Le CIDHG l'a déjà prouvé en Ukraine. Le centre genevois a soutenu le gouvernement de Volodymyr Zelensky dans la mise en place d'un nouveau programme de lutte contre les mines; Tobias Privitelli siège au comité consultatif du Centre national ukrainien de déminage humanitaire. Au moins 135'000 kilomètres carrés de l'Ukraine sont contaminés par des mines et autres explosifs russes – plus de trois fois la superficie de la Suisse.

Les mines antipersonnel sont particulièrement cruelles: elles sont censées blesser les ennemis et non les tuer – afin d'immobiliser les ressources et de ralentir l'avancée. La plupart du temps, elles touchent la population civile. En 2024, plus d'une victime de mines sur trois était un enfant et 85% étaient des civils. C'est pourquoi la Convention d'Ottawa de 1997 interdit les mines antipersonnel. Aujourd'hui, 166 Etats sont signataires de cette convention.

L'interdiction des mines sur la sellette

Mais l'interdiction s'effrite: la Russie, les Etats-Unis et la Chine n'ont jamais signé la Convention d'Ottawa. L'Ukraine ne veut plus y adhérer non plus. Zelensky a récemment déclaré: «Les mines terrestres sont souvent un moyen de défense nationale irremplaçable». L'Estonie, la Lettonie, la Lituanie, la Pologne et la Finlande ont déjà annoncé qu'elles utiliseraient à nouveau des mines antipersonnel face à la menace que pose Moscou. Il est question d'une gigantesque ceinture de mines de l'OTAN.

Hansjörg Eberle, CEO de la Fondation suisse de déminage (FSD), déclare: «La Convention d'Ottawa est malheureusement une politique de beau temps – tout le monde est contre les mines jusqu'à ce qu'ils soient eux-mêmes menacés». La fondation suisse compte parmi les organisations leaders mondiales dans le domaine du déminage et travaille en Ukraine avec des services de reconnaissance des risques, des véhicules de déminage et des équipes spéciales qui recherchent les restes de munitions dans les décombres. La Suisse soutient la FSD à hauteur de 40 millions de francs jusqu'en 2027.

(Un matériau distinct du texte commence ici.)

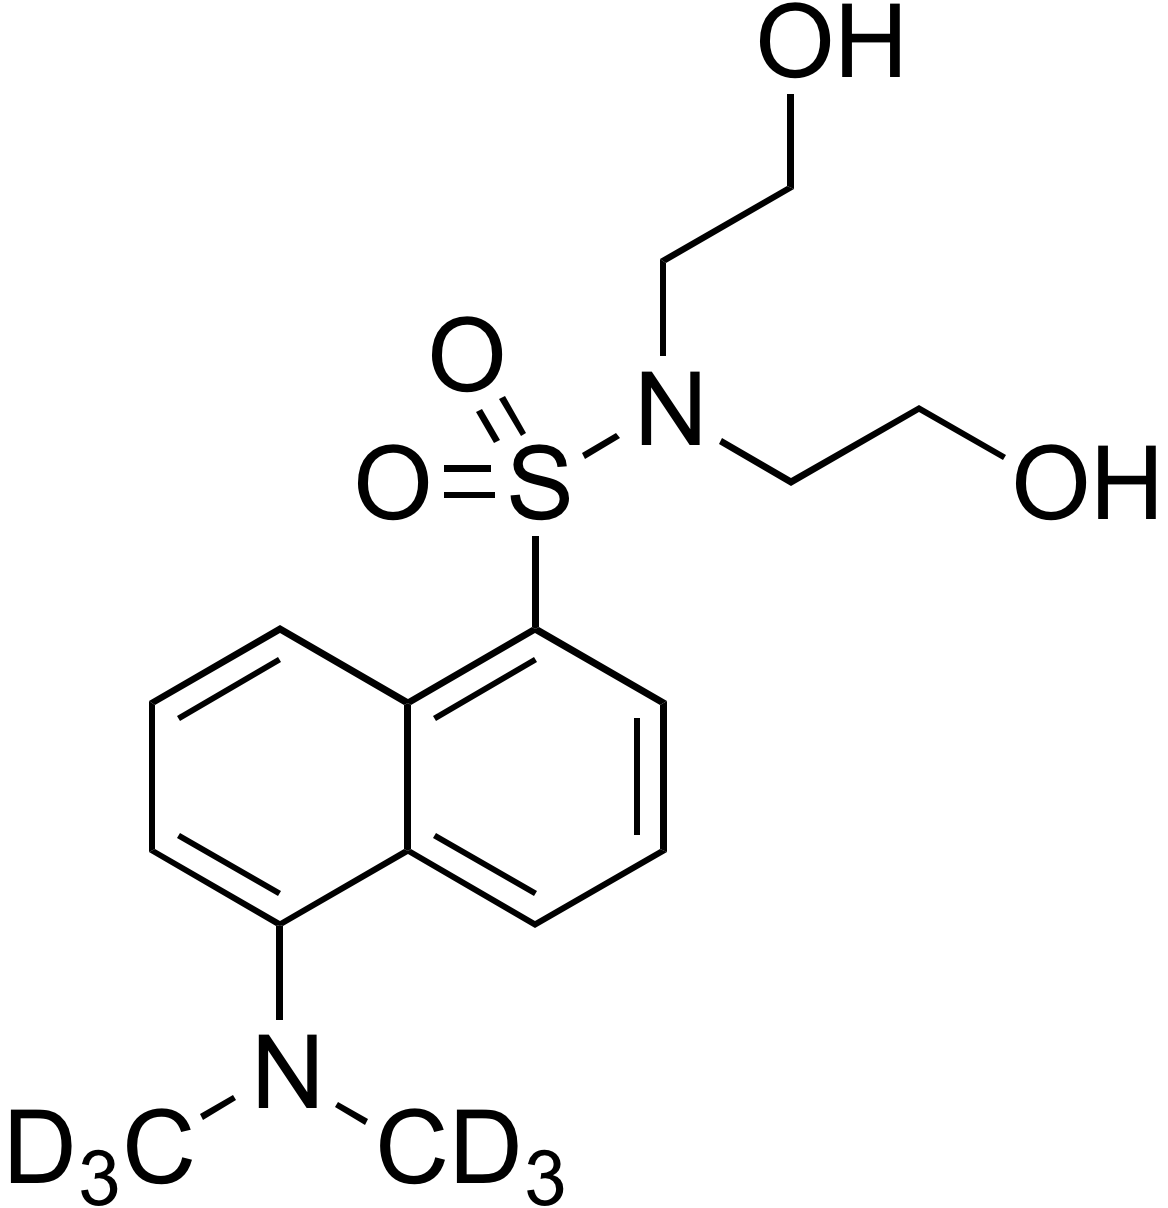 Dansyl-d<sub>6</sub> diethanolamine

En Syrie aussi, les experts de la FSD se tiennent prêts, mais sont toutefois condamnés à attendre. «Nous pouvons former 200 à 300 locaux au déminage en l'espace de trois mois», explique Hansjörg Eberle. Mais la situation instable sous les nouvelles autorités décourage de nombreux bailleurs de fonds.

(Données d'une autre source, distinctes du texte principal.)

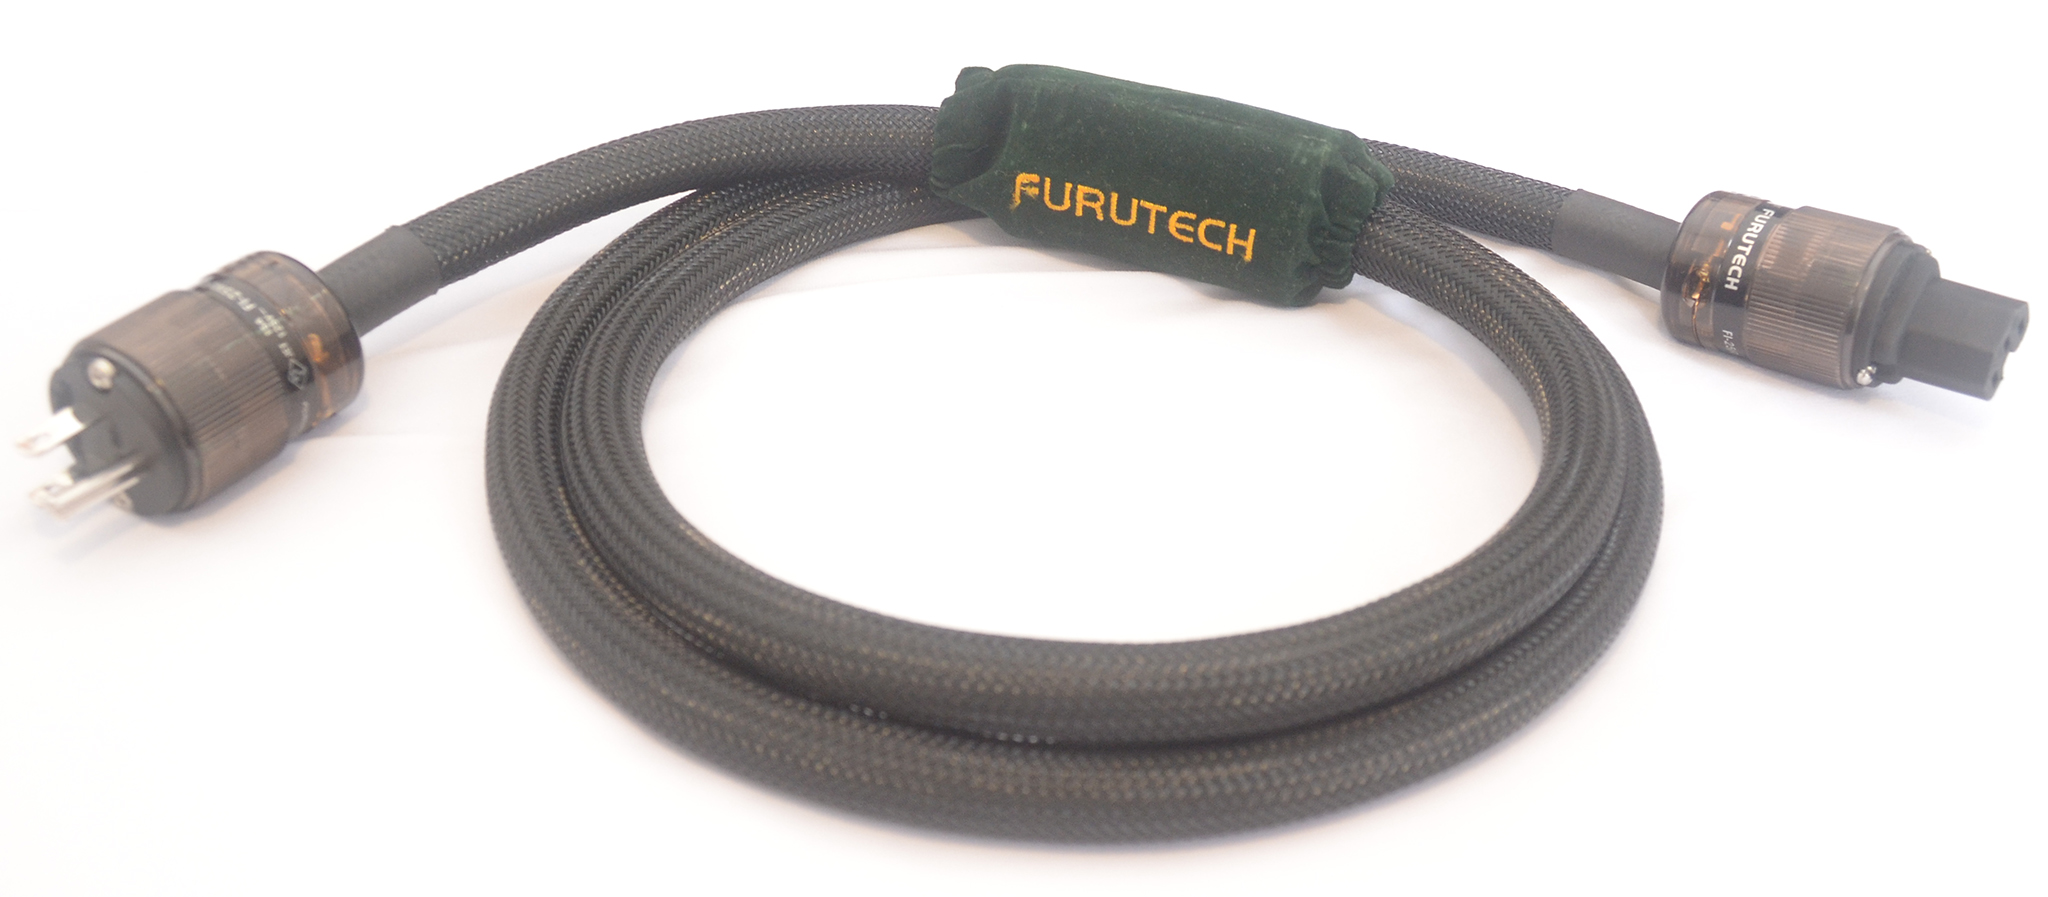 Furutech Reference III 4R

Mais les difficultés de financement ne se limitent pas au contexte syrien. L'intérêt pour le déminage diminue malgré un besoin croissant. Partout, la sécurité prime sur le désarmement. «On trouve de l'argent pour l'Ukraine, mais souvent au détriment d'autres régions», explique Hansjörg Eberle. C'est surtout le retrait des Etats-Unis qui a des conséquences dramatiques.

170 démineurs licenciés

Jusqu'au deuxième mandat de Trump, les Etats-Unis étaient le plus grand donateur pour le déminage humanitaire, mais depuis février, le président a radicalement réduit les fonds. La France, l'Italie et la Grande-Bretagne réduisent également leur soutien. Leurs propres considérations sécuritaires sont désormais au premier plan. Un tiers du budget de la FSD a été supprimé. «Nous avons dû nous retirer d'Afghanistan et licencier 170 démineurs locaux», explique Hansjörg Eberle.

Les régions fortement infestées de mines comme l'Asie centrale avec l'Afghanistan et l'Irak, le Cambodge, l'Afrique de l'Ouest ou la région du Sahel sont négligées. Tobias Privitelli, du Centre de déminage de Genève, ressent lui aussi la diminution de la volonté de financer des projets – en particulier en Afrique. Malgré tout, la tendance n'est pas uniquement négative: grâce à la Convention d'Ottawa, 50 millions de mines antipersonnel ont été détruites. Certes, le nombre de victimes augmente à nouveau, mais il était encore plus élevé dans les années 1990.

Interrogé à ce sujet, le Département fédéral des affaires étrangères (DFAE) souligne l'importance de l'engagement humanitaire: sans déminage, il n'y a pas de reconstruction. La Suisse regrette le retrait de certains Etats de la Convention d'Ottawa et les encourage à changer d'avis.

En 2024, la Suisse a investi 44 millions de francs dans le déminage et compte ainsi parmi les dix plus grands donateurs au monde. 16 pays ont profité de l'engagement suisse en 2024, dont la Syrie. Des experts fédéraux y ont fourni des informations sur les dangers et une aide aux victimes.